A week of failure and a day of grace

Holy week, as it is called, might just as easily have been called failure week.

It was a week when the weakness and human frailty of just about everyone in the Easter story was painfully exposed.

The fickleness of the crowd is staggering. From “We want Jesus to be King” to “We want a terrorist to lead us” within the space of five days must have left any polling organisations in Jerusalem looking very foolish.

Of course, we expected as much from the religious leaders. And Pontius Pilate was always going to make a decision that he believed would protect his career.

But the disciples! Judas’ deal with Jesus’ enemies to betray the Lord is astounding.
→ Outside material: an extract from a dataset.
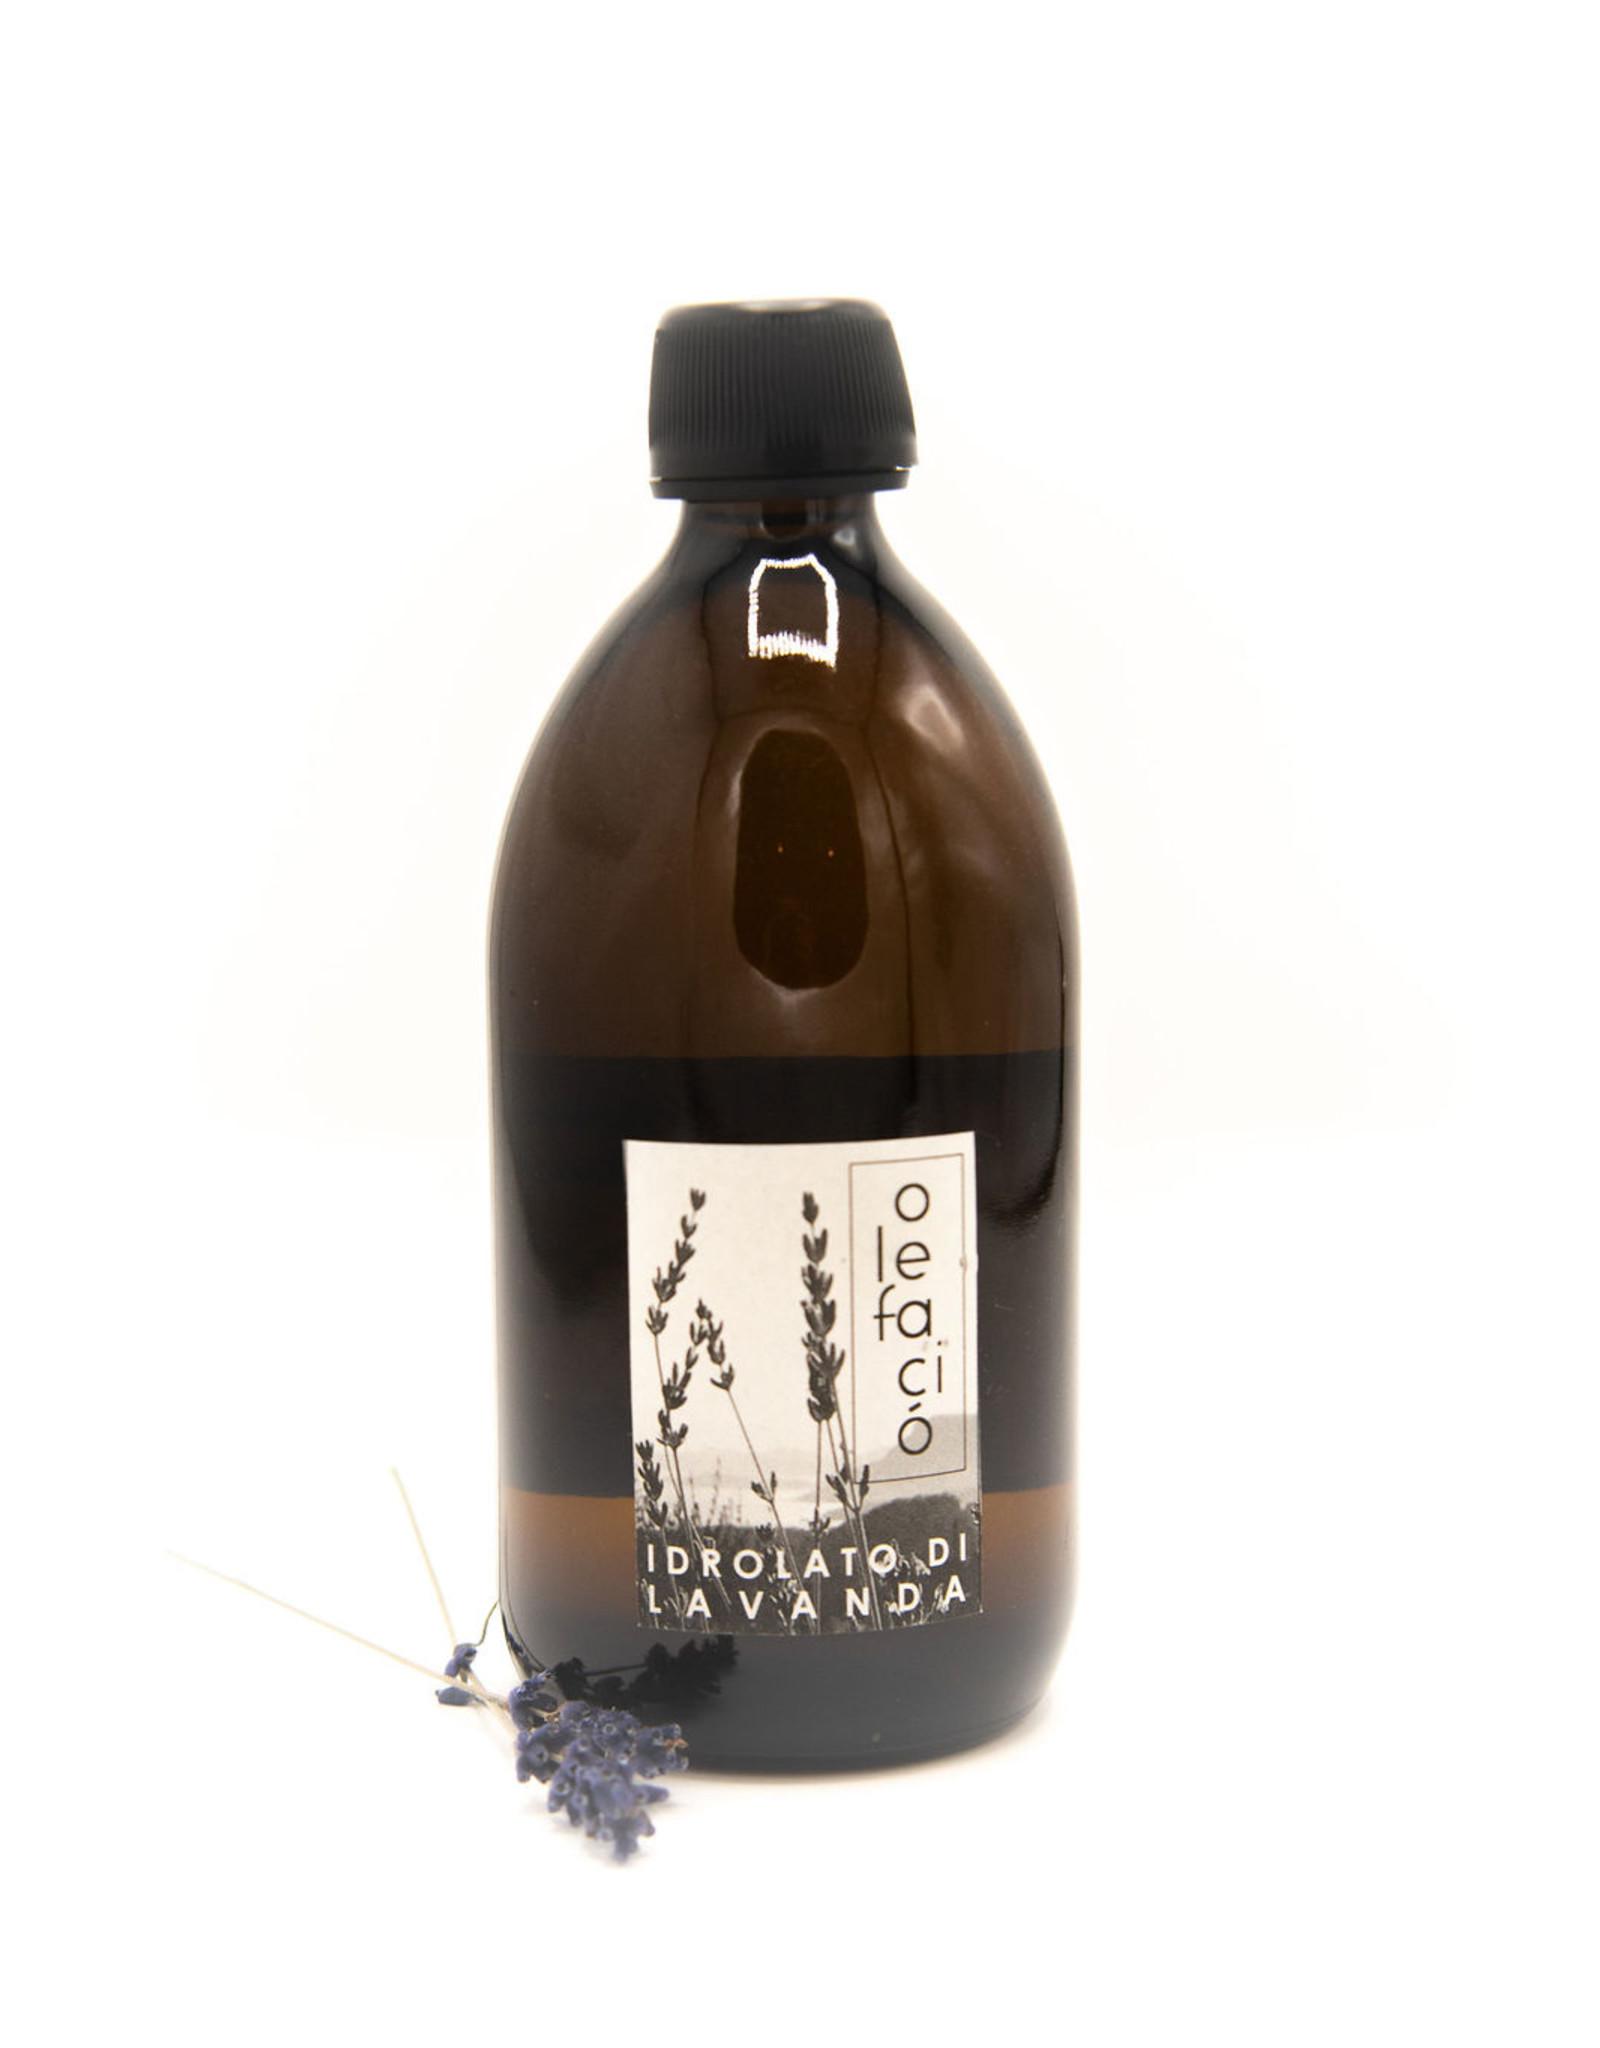 Lavendelhydrolaat refill

The bickering over who would be the greatest in the kingdom was perhaps unsurprising. But abandoning Jesus when He was arrested  probably came as a shock to the disciples themselves.

And then there is the seeming failure of Jesus’ own mission as He hangs on the cross.
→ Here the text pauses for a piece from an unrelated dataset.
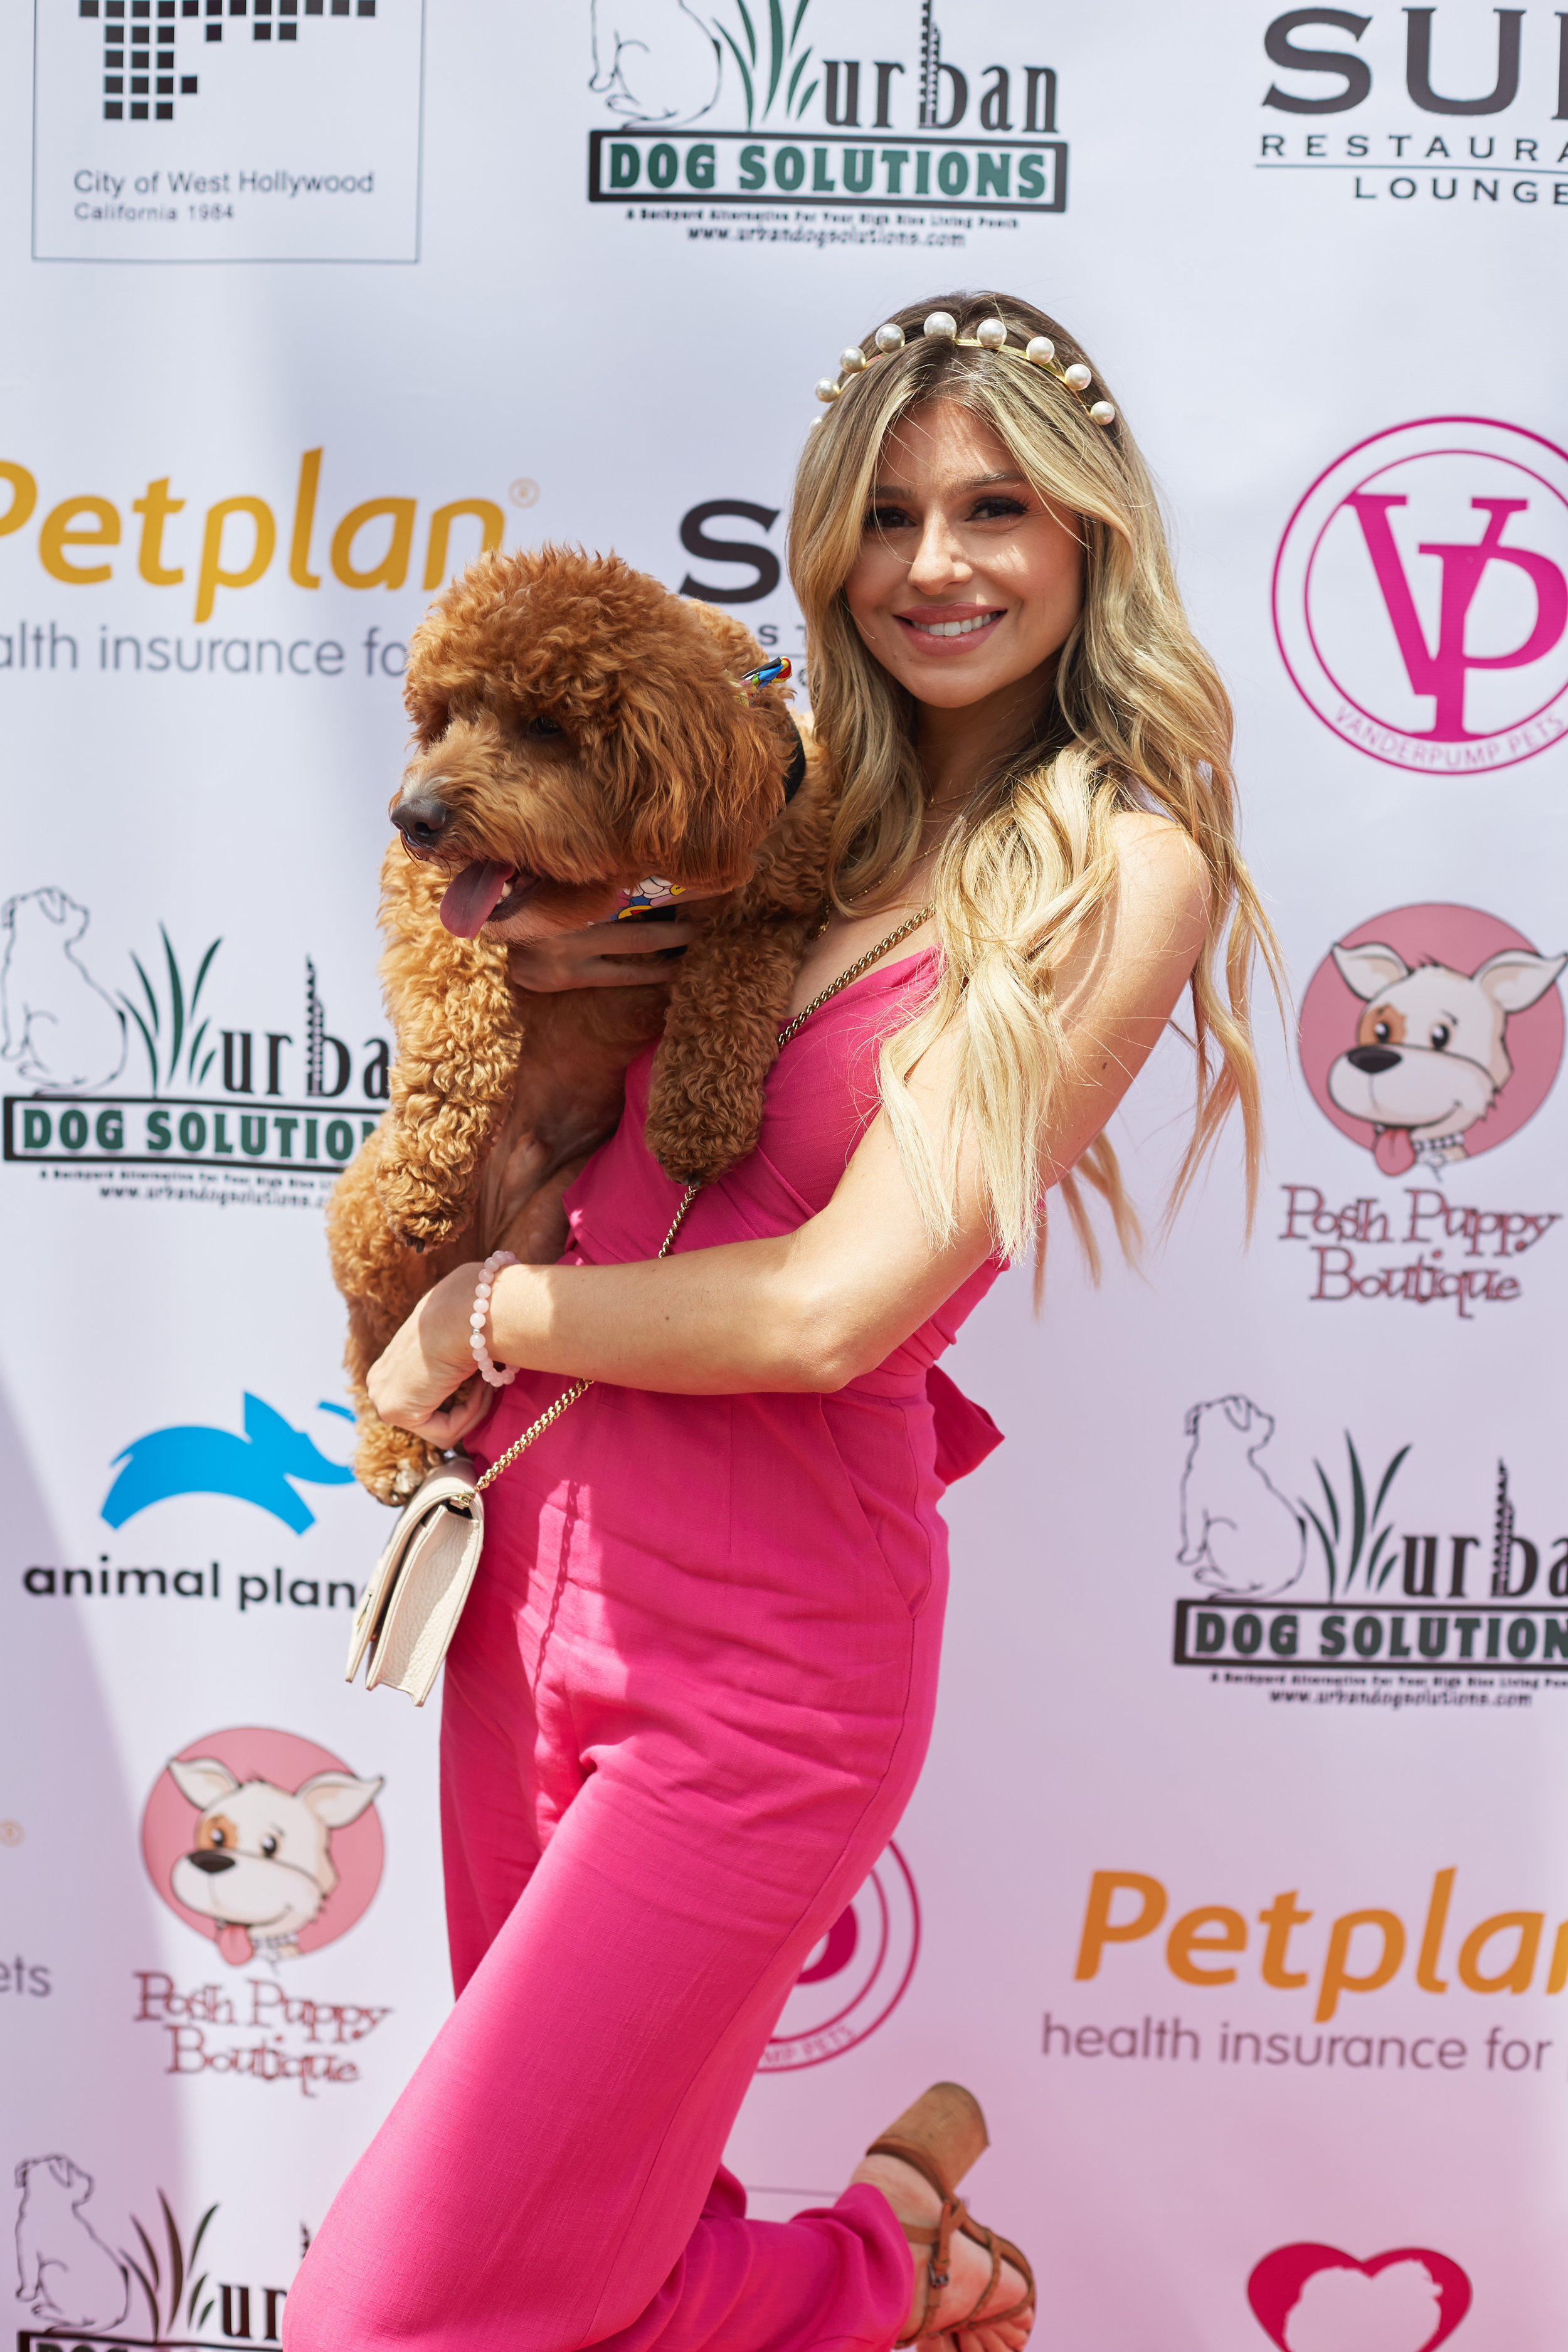 World Dog Day 2019 Gallery — The Vanderpump Dog Foundation

Holy failure seems to be the message of holy week.

Yet even in the midst of the unfolding failure, Jesus Himself speaks of resurrection (Matthew 26.32). Even in His prediction of Peter’s denial, He speaks a word of grace: Peter will be restored and he is to strengthen his brothers (Luke 22.31-32).

Resurrection followed the cross. Easter Sunday brought grace after a week of failure. The deserting disciples were restored in their faith and recommissioned to go into the world (John 20.21).

Thankfully the week of failure wasn’t followed just by a day of grace but by a whole era of grace. An era that we still live in because of Christ’s death and resurrection. And that grace extends to each of us no matter where we find ourselves.

There are weeks that reveal our weakness. There are circumstances that unveil our susceptibility to temptation. But because of Easter there is grace. In fact, because of Christ’s resurrection, even the week of failure looks like a huge God engineered victory.